The worst thing about emergency care is not the waiting, but the aftercare | Letters

Adrian Chiles’ experience (what I learned from a freezing night in the emergency room with my father, January 31) is unfortunately the norm. Because I work as a pharmacist in a general practice and a close family member also had a stroke last year, I see this from both sides and completely agree with him that the problems start after discharge.

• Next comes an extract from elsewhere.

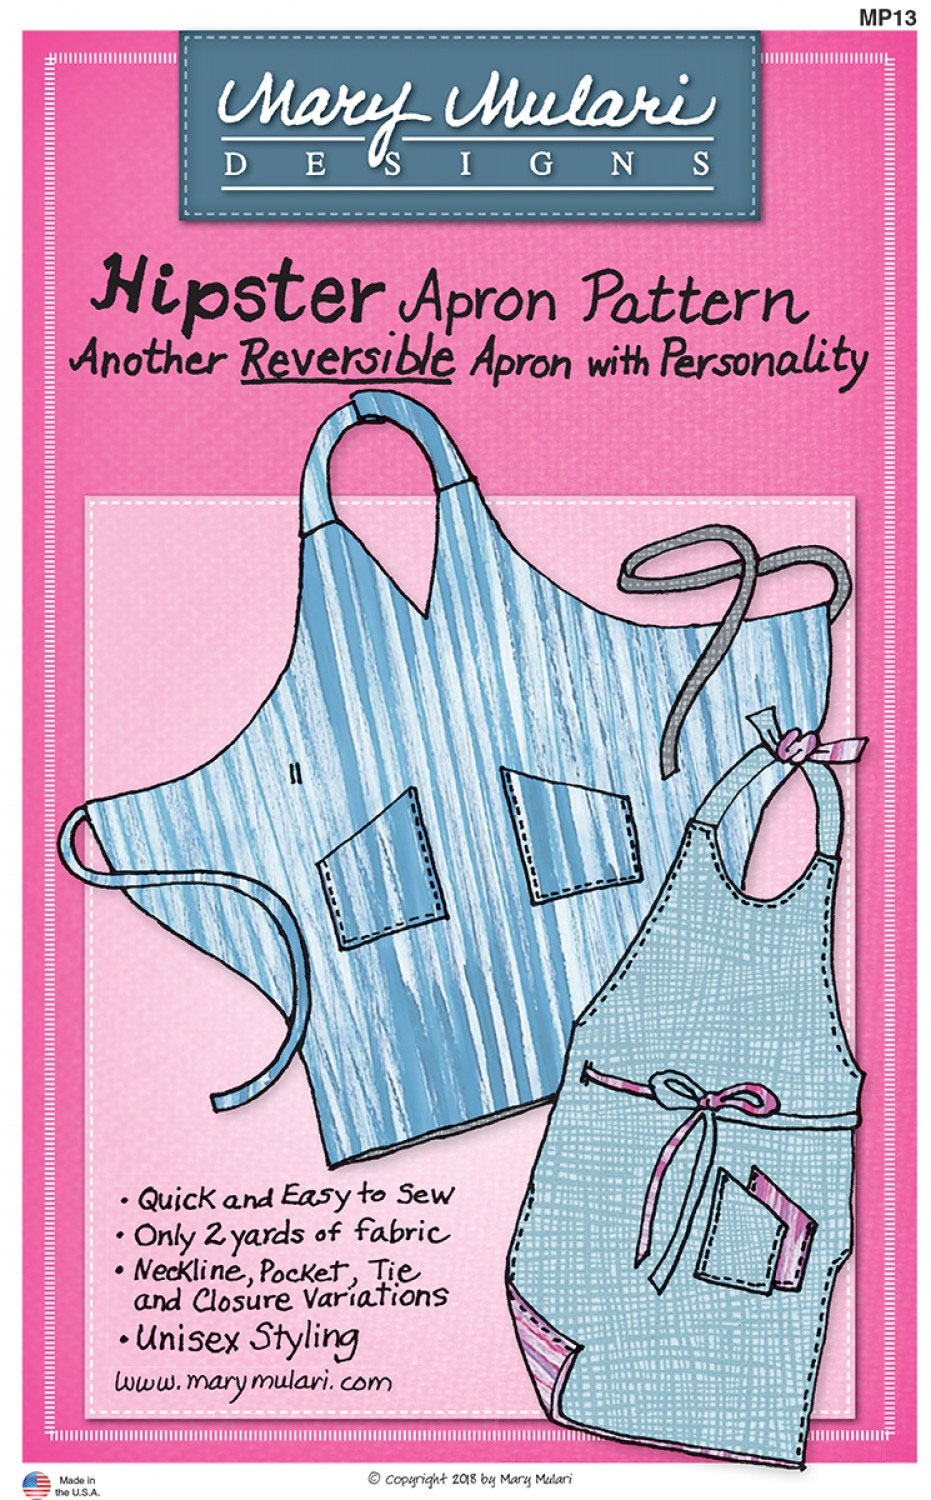 Hipster-Apron-Pattern-Mary-Mulari-front

Despite all the chaos that occurs during an emergency visit to the hospital, the system works and patients are helped, albeit slowly. The problem lies in the disconnected IT systems between the hospital and the GP, or even between different hospitals, and patients’ lack of understanding about this. It’s not unreasonable to assume that all your relevant information has landed neatly in your doctor’s inbox and someone will call or stop by. Unfortunately, this is often not the case; hospital discharge summaries can be late or incomplete and sometimes do not show up at all. Some are still handwritten.

Important information such as scans or blood test results will not be accessible if the hospital the patient is visiting is in a different region. This often means that expensive tests are unnecessarily repeated. I often speak with patients whose follow-up has been delayed, or whose medications have not been updated because they expected someone to contact them.
Liz Brooke
Bewdley, Worcestershire

I’m with Adrian Chiles – why doesn’t the NHS use emails? My sister received two letters from the hospital on the same day, one asking for an appointment (two weeks earlier) and the other asking why she hadn’t been there. A friend was discharged from hospital after a hysterectomy and prescribed morphine, but the community nurses would not give it because they had not been informed. Both problems would have been solved by the use of emails. I’m getting texts from the NHS. Why no emails?